In an addictive relationship, one partner is self-centered and focused only on their desires, while the other partner is dependent and other-centered, willing to mirror the other partner. Below I have listed seven signs you may be in an addictive relationship.

Dishonesty. Neither of the partners say how they really feel, and they even lie about what they want on a regular basis. Communication completely drops off.

Unrealistic Expectations. Both partners truly believe that the other one will solve all of their problems with body image, self-esteem, family, and other life problems. They both believe, the more self-centered partner especially, that the right relationship will make everything better.

Instant Gratification. The self-centered partner expects the other to be there every time they feel sad, and that the partner needs to make them feel happy, almost like a drug rather than a human.

Compulsive Control. The selfless partner must act a certain way, or the self-centered partner will threaten to leave the relationship. Both partners also feel pressured to stay in the relationship, and that it is not a choice to be together.

Lack of Trust. Neither partner trusts each other to support the other when there is a problem. They also do not believe that the other person loves or trusts them, and that all feelings are not genuine. It is at this point that the partners usually acknowledge that they are in an addictive relationship, but feel obligated to stay together.

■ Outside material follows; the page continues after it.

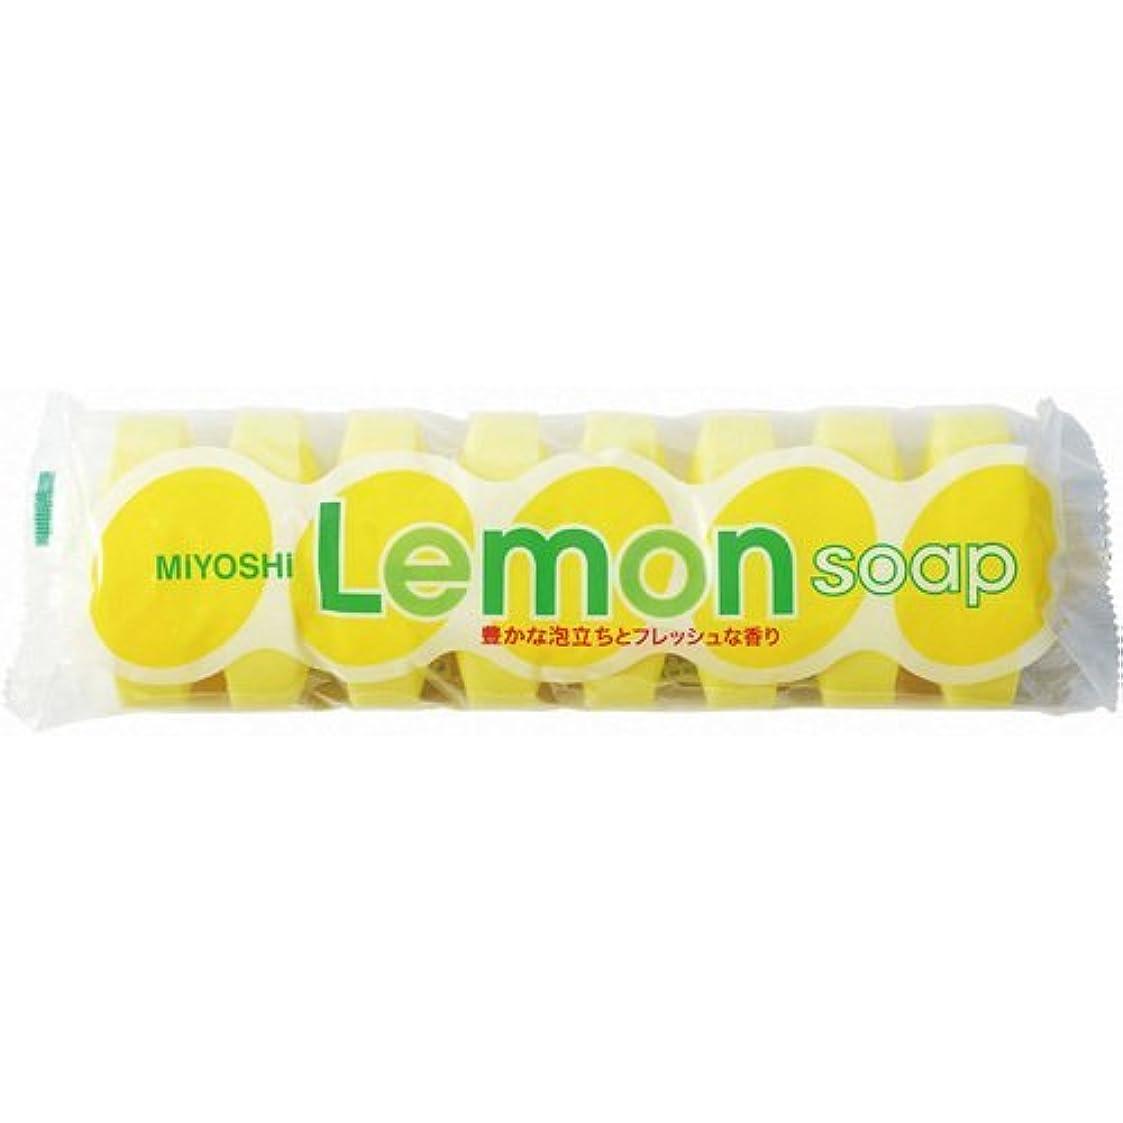 セットする出発するパラメータミヨシ レモンソープ 45g×8個入

Social Isolation. Plain and simple, people in addictive relationships wish to be left alone. Family and friends are not invited into the relationship, as the partners are usually too concerned with their own problems and emotions in the addictive relationship to feel that friends are necessary or can help with the situation.

Cycle of Pain. Perhaps the biggest sign of an addictive relationship is this vicious cycle. The partners are completely trapped in a cycle of pleasure, pain, disillusionment, blaming, fighting, possibly breaking up for a short time, and then reconnection. This cycle will continue to repeat itself until one of the partners, usually the selfless one, breaks free of the relationship.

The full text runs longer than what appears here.